The expansion tool 101 may be started at either the bottom or the top of the casing string depending on the tool design and the application. Radial expansion may be performed at rates of, for example, 25 to 60 feet per minute. Other expansion processes, such as expansion under localized hydrostatic pressure, or “hydroforming,” are known in the art, but are generally not used as much as cold-forming expansion processes. Other expansion tools for cold-forming the casing also exist. Various tools exist for use in cold-forming expansion processes.
A common problem with radial expansion of casing is that the connections can be damaged during the expansion process. Part of this damage is because the connections are stressed during make-up to ensure that the connections remain made-up while being installed in the wellbore. The additional stress experienced by the connections during radial expansion can cause the connection to fail. Typically, it is the box member that splits. Even if complete failure does not occur, connections may lose the ability to form a hydraulic seal. Connections that utilize metal to metal seals or thread sealing can lose the ability to seal after the deformation caused by radial expansion.

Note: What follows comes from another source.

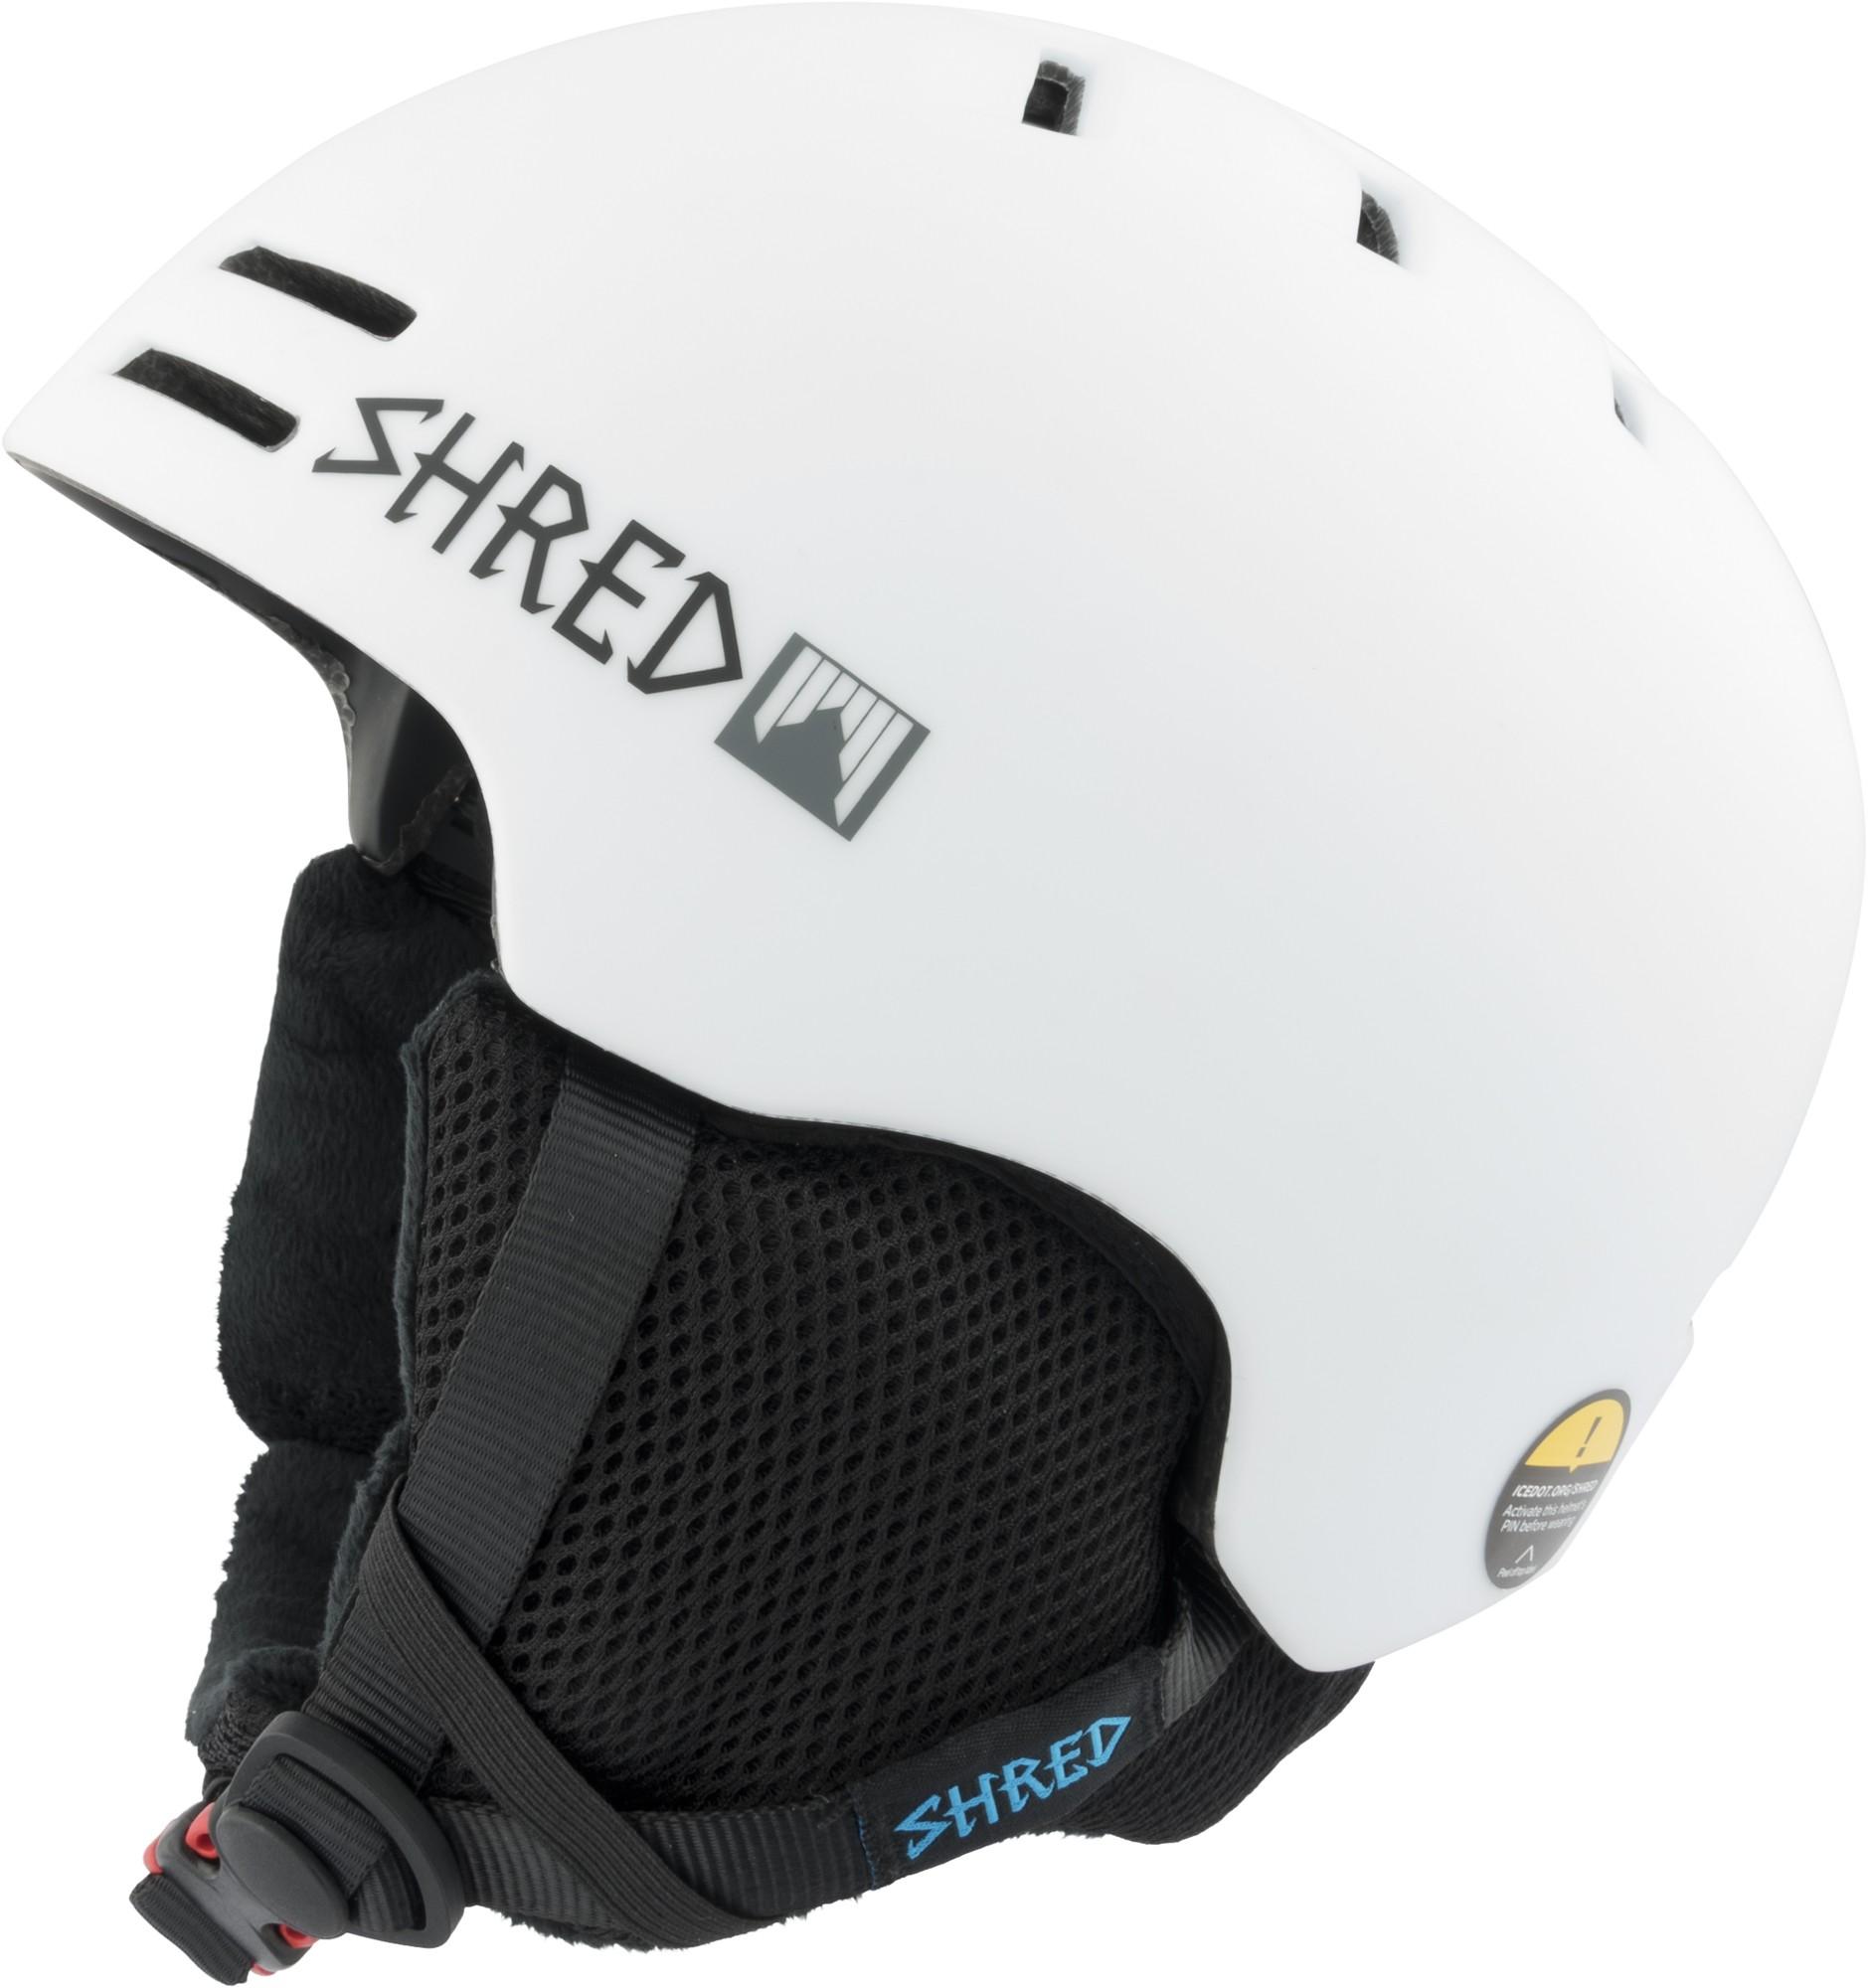 shred slam cap noseason snowplough

While various expansion methods, in particular the tapered expansion tool method, have proven to work quite well on casing strings, the expansion of made-up threaded connections can result in structural sealing problems. Threaded connections that undergo radial plastic expansion have a tendency to exhibit a non-uniform axial elongation and react differently to residual hoop stresses remaining after expansion. Specifically, male (pin) threaded members and female (box) threaded members deform differently during radial expansion. The box member will generally move away from the pin member during radial expansion. This is due in part to the relief of residual stress in the connection that exists from the make-up of the box member with the pin member. The radial movement of the box member from the pin member relieves some of the residual stress. This differential displacement phenomenon can result in a loss of preload in axially-engaged seals, making the use of conventional metal-to-metal seals (including, for example, shoulder seals) problematic for plastically radially expanded casing and tubing.
One of the more successful thread-forms for expandable casing applications is the wedge thread. One reason that wedge threads are a suitable thread-form for expandable casing applications is that they may not make-up against a radial torque shoulder (i.e. a positive stop), but instead typically make-up by nearly simultaneous contact of thread load flanks 209 and stab flanks 208. During the expansion process, axial stress in the connection will often cause a radial torque shoulder to fail when the compressive stresses at the shoulder exceed the compressive yield strength of the casing material. The advantages of a wedge thread are independent of the thread form used. When a dovetail-shaped or another closed thread form is used for the wedge thread, the wedge thread will also resist radial forces during and after expansion, which might tend to separate the pin connection from the box connection. An open thread form for the wedge thread may also be used, such as that taught by U.S. Pat. No. 6,578,880 B2, issued to Watts, and incorporated herein by reference.
As discussed above, the additional stress experienced by a connection during radial expansion can cause the box member to fail, or cause the connection to lose the ability to form a thread seal or metal to metal seal. The structural integrity and sealing ability of a connection are still needed after expansion. Thus, preventing the damage to the connection and providing a thread seal after expansion are highly desirable goals. Designing a connection for the purpose of being radially expanded could prevent failure of the box member and potentially maintain a thread seal.